Excerpts from a dataset
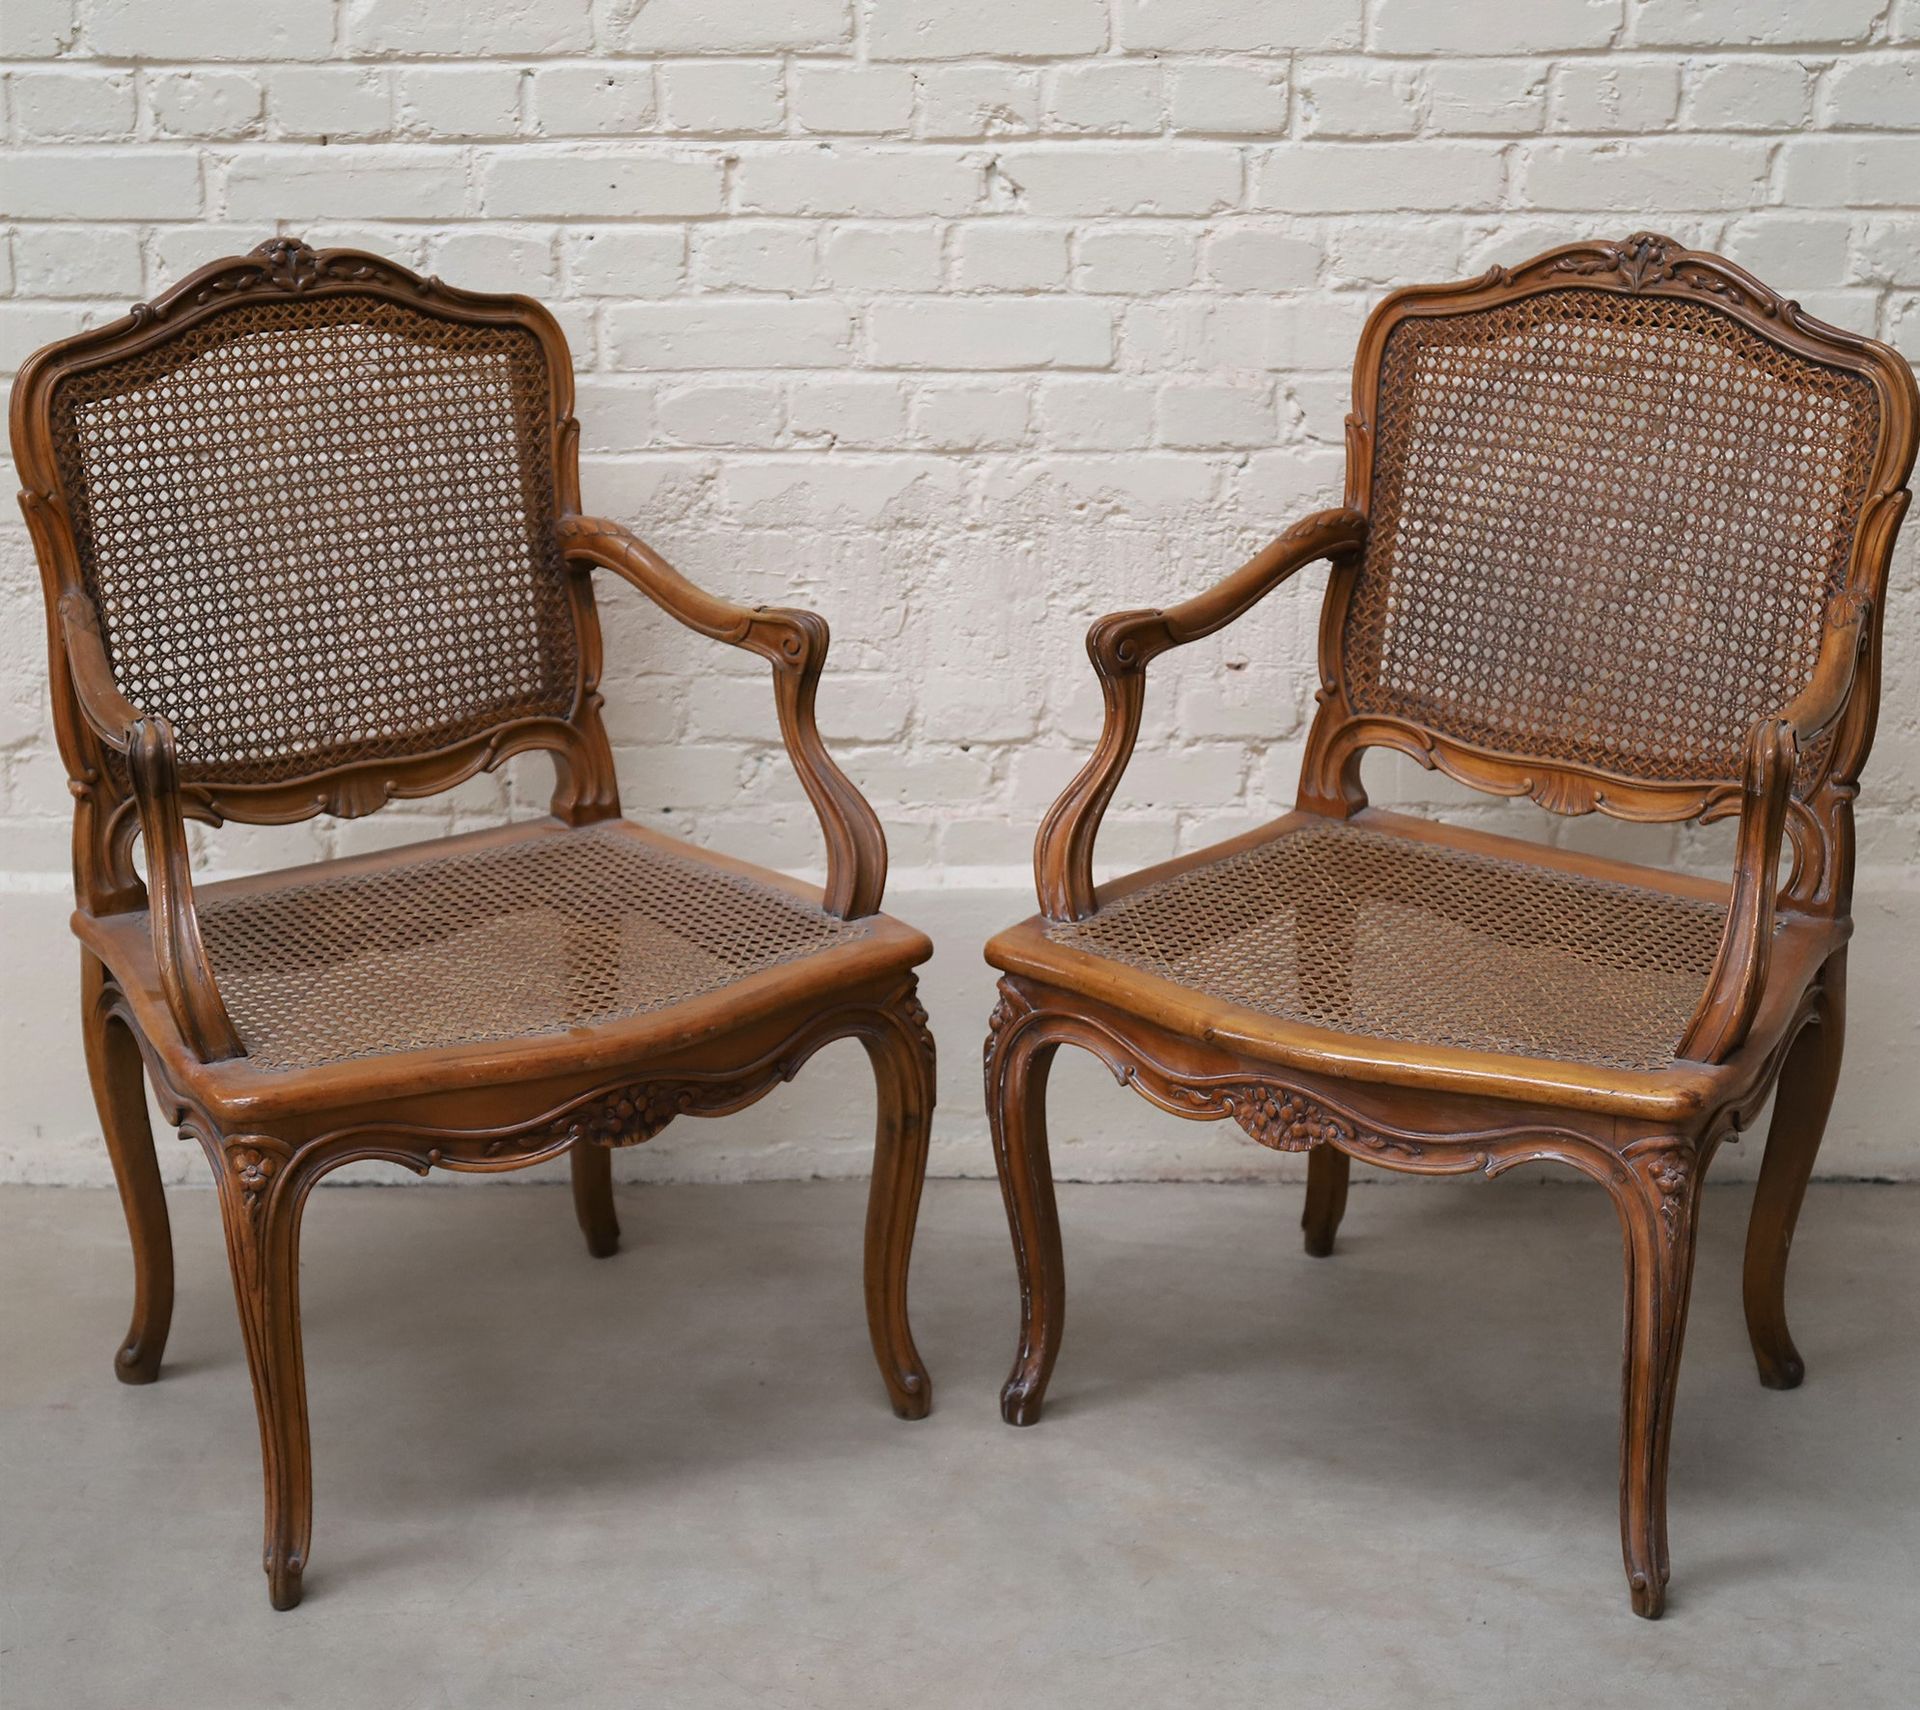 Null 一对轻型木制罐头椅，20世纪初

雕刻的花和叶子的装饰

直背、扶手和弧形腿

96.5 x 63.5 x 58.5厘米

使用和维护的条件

Directions
Write out the records above exactly as they stand, leaving out every picture.

Response
 Null 一对轻型木制罐头椅，20世纪初

雕刻的花和叶子的装饰

直背、扶手和弧形腿

96.5 x 63.5 x 58.5厘米

使用和维护的条件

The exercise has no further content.